Salazar e a cadeira – Forte de santo António, em 3 de agosto de 1968

Há 45 anos, por ironia do destino, uma velha cadeira, interpretando os ventos da história e o sentir dos portugueses, depois de aguentar longos anos o lento corroer do caruncho, não suportou a infâmia de se ver calcada pelo eterno ditador e desfez-se num derradeiro ato de dignidade, em patriótico haraquíri, numa abnegada dádiva ao país que a ignorava.

Aguentou paciente, durante décadas, o lento desgaste a que o mais xilófago dos insetos a sujeitou. Sentiu o seu interior reduzir-se a pó e esperou pacientemente que o sinistro ditador deixasse cair o corpo, com a displicência com que a polícia política desprezava a liberdade e os direitos humanos, viu o pulha a aproximar-se, sofreu o odor do velhaco e a raiva de quem já tinha sido tantas vezes calcada pelo biltre.

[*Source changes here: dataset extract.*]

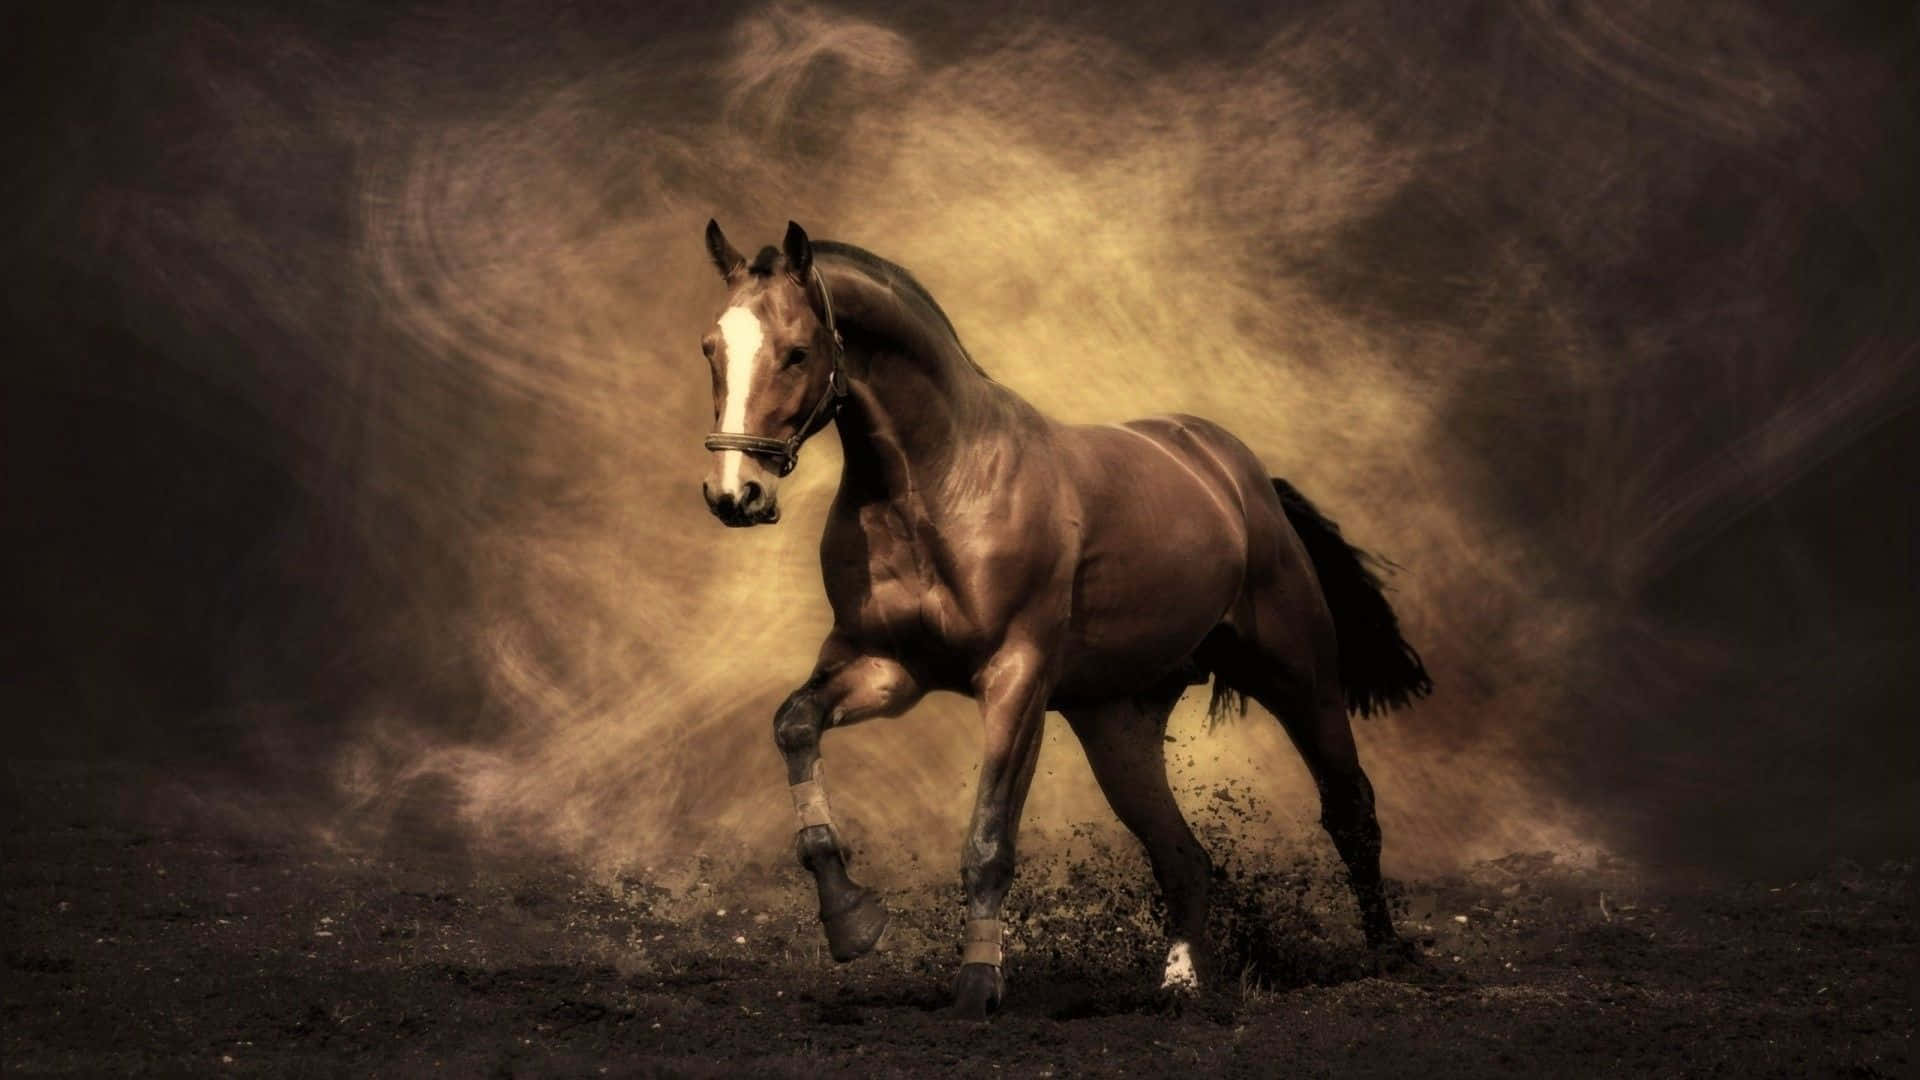 Beundraskönheten Hos Denna Fantastiska Vita Häst.

Quando o corpo do miserável se preparava para relaxar, a cadeira, consciente do serviço que na sua decrepitude podia prestar, não hesitou, desconjuntou-se num ápice e arrastou com ela o algoz. Este nunca se recompôs e a cadeira ficou como símbolo heroico de um ato que os portugueses deviam e não puderam.

Nunca tantos deveram tanto a uma cadeira. À falta da venera que merecia, fica aqui esta homenagem que um eterno admirador partilha com os seus leitores. Bendita cadeira.